The fact that zero-trust security is also known as “perimeterless” security may be counterintuitive but having a digital open-door means we save on resources. We have now come to accept that getting attacked is not a matter of “if” but “when”, so why expend compute capacity and labor trying to prevent the inevitable? Instead, by allowing everything in (and adopting the position that trust itself is a vulnerability), organisations take an important first step in achieving the kind of safe environment that allows them to focus on innovation instead of constantly doing battle with malicious infiltrators.

True Zero Trust

In the first four months of 2020, McAfee saw a 600% increase worldwide in the use of cloud collaboration services and cyberattacks seemed to mirror this surge, with some estimates putting the increase in incidents at 630%. The UAE saw a 250% increase in cyberattacks in 2020, with the country’s cybersecurity chief citing remote work as a major catalyst. And Saudi Arabia was subjected to 22.5 million brute force attacks in 2020 on remote desktop protocols.

If we continue to build security postures in which we assume we have caught everything before it enters our environments, then malicious processes gain a “trust” status upon breaching the perimeter and have freedom to roam. Zero trust makes no such assumptions, but its original model focused on networks. Today, this approach may be too limited, and since many are still in the process of implementing zero trust, it would be a pity if they were to successfully reach the end of a project journey only to find that their efforts are insufficient to meet the demands of the modern threat landscape. Enter “True Zero Trust”.
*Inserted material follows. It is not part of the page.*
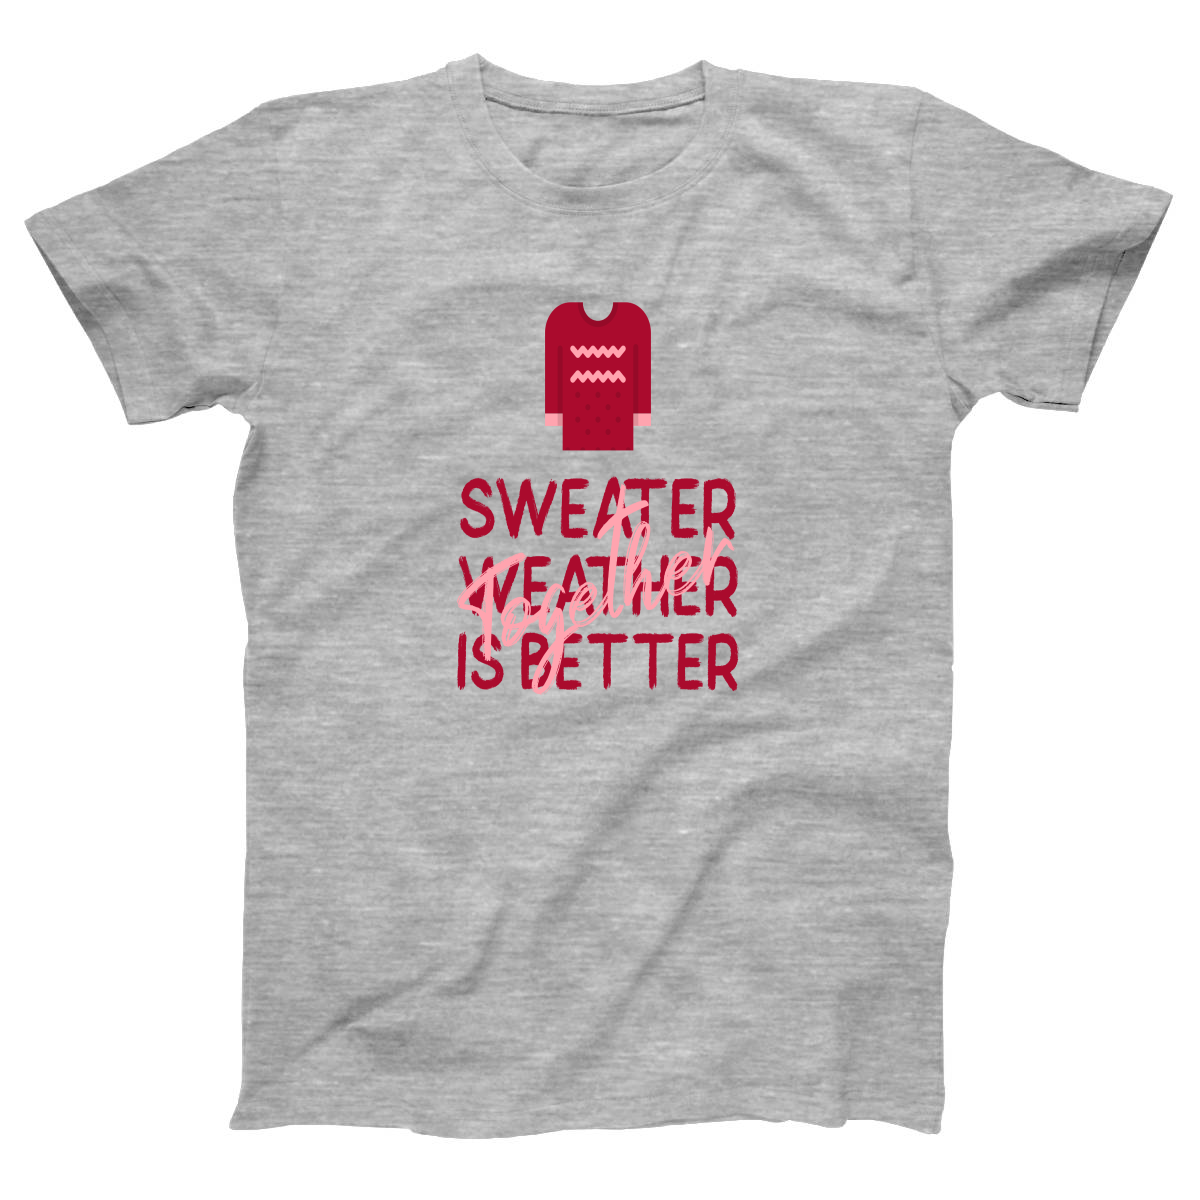 Sweather Weather is Better Together Women's T-shirt | Gray

True Zero Trust — which we should acknowledge is not a new concept — starts with data, eliminating the concepts of “user” or “endpoint” to replace them with a view of the environment in terms of traffic flow. The start and end points of that flow can be laptops, desktops, and servers or they can be IoT sensors, software containers, and virtual machines.

A needs-first approach

And so, instead of thinking about the user, device or process that is looking for access, True Zero Trust concentrates on the assets that need protecting. Applications, data, and services do not need to be accessed by everyone and everything. At this point, organisations must ask who needs access to what? To maintain business agility, the answers to this question must be allowed to change at a moment’s notice, so real-time visibility of the data environment is critical.

This expanded vision of zero-trust security is tailor-made for the IT challenges of today, where users, endpoints, and applications can reside anywhere — not just regionally but globally. Remote workers use unvetted personal devices to access digital assets. And it is not always possible to predict the various networks through which sensitive data will travel as it makes its way from corporate-controlled storage to the employee and back again.

True Zero Trust accounts for the multilocation, multi-network model, while maintaining the flexibility required to allow businesses to get along in the new normal. Employees cannot be restricted to a subset of tasks simply because they are geographically or architecturally removed from the corporate hub. True Zero Trust allows for the operation of unknown endpoints without taking chances on their pedigree.

Zero trust breeds trust

True Zero Trust spans users, data, identities, networks, and more. It merges happily with a range of tools to accommodate policies without compromising on stack performance or business operability. And it allows security teams to remediate threats across the entire environment.

While many have yet to look into zerotrust security, it will be impossible for regional organisations to ignore, given extant realities. Employees will expect to be able to work from home at least some of the time, and customers will expect seamless service all of the time. The complexity of the environments required to deliver on these expectations cry out for organisations to go beyond zero trust to True Zero Trust.

Digital transformation is continual. As new technologies emerge, new use cases emerge alongside them. In the GCC region, 5G may be the next such emergence, carrying with it yet more complexities that attach themselves to the IT stack. True Zero Trust is a vital component of any threat posture that hopes to match the pace of ongoing change.